▶ **Work task**
An exact copy of the data is required; the images should not appear in it.

▶ **Recorded information**
>>
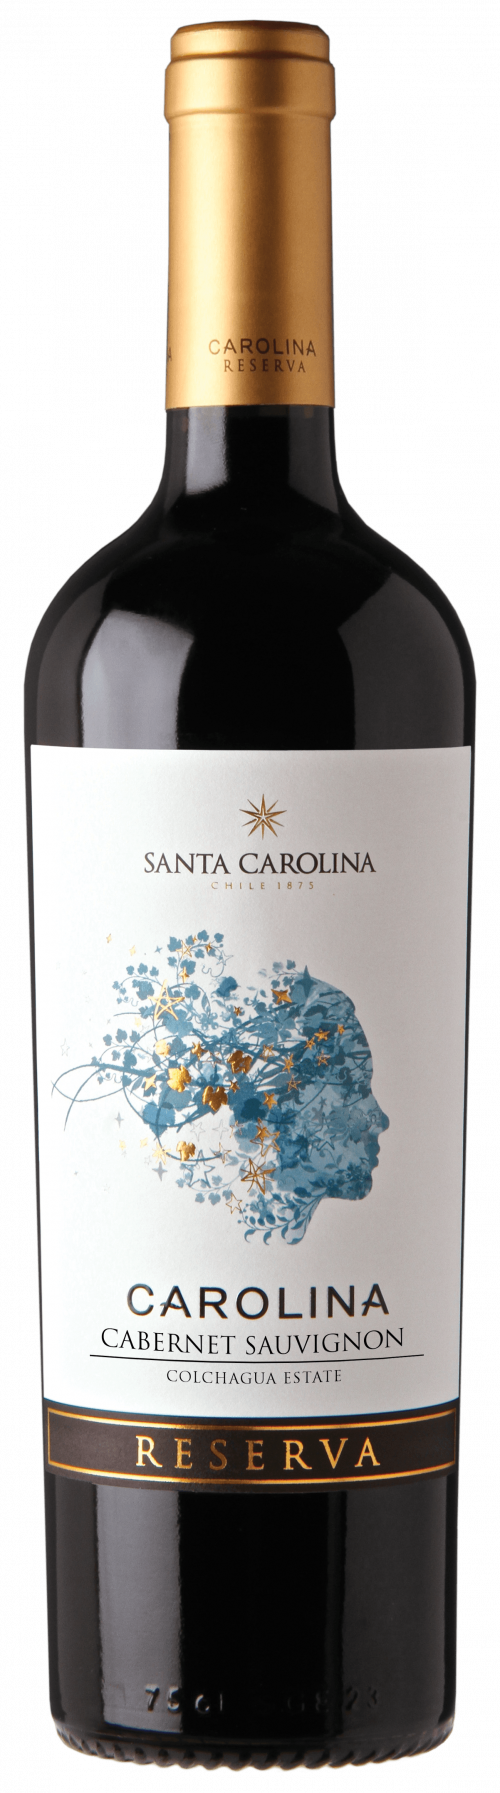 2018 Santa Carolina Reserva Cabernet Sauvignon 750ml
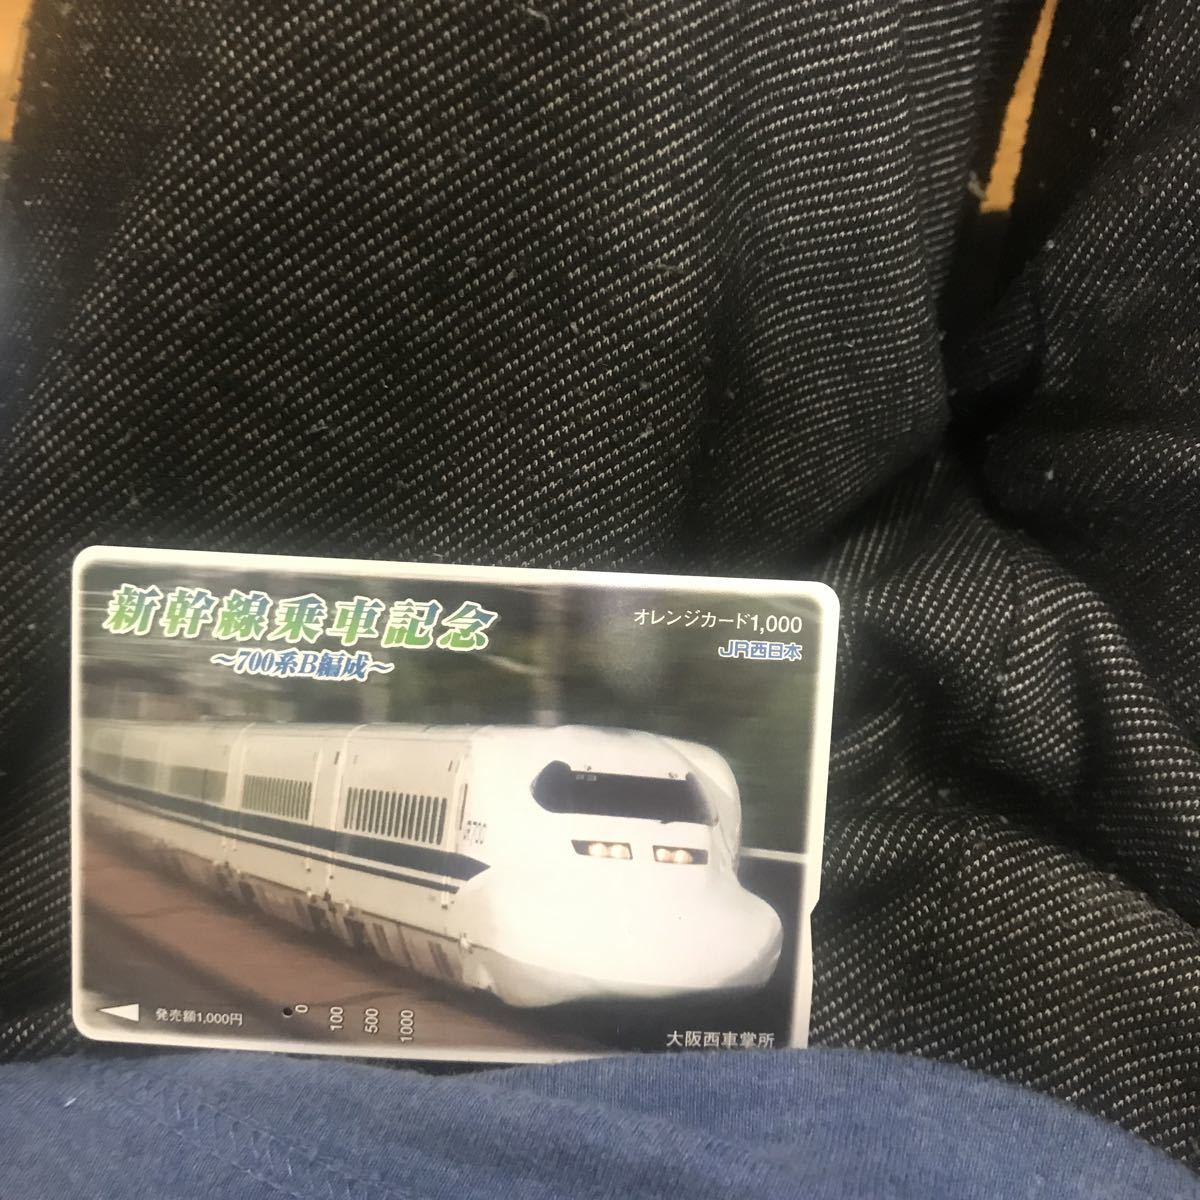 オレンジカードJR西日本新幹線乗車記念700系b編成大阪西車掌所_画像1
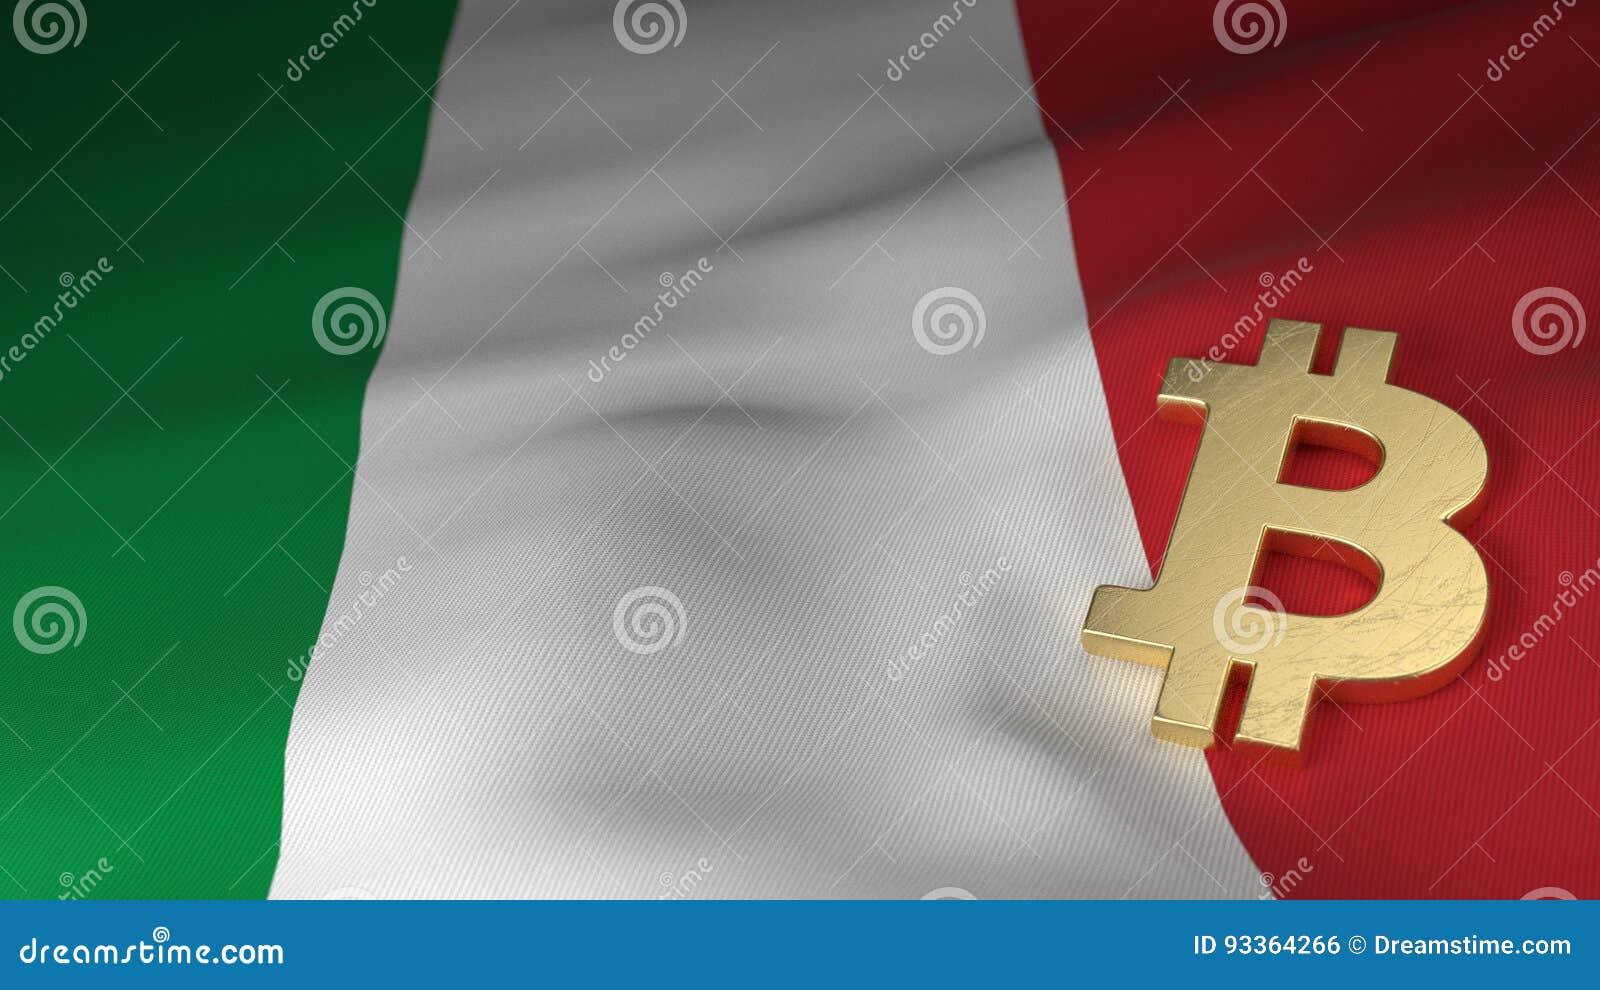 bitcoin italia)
<<
▶ **Answer section**
 2018 Santa Carolina Reserva Cabernet Sauvignon 750ml
 オレンジカードJR西日本新幹線乗車記念700系b編成大阪西車掌所_画像1
 bitcoin italia)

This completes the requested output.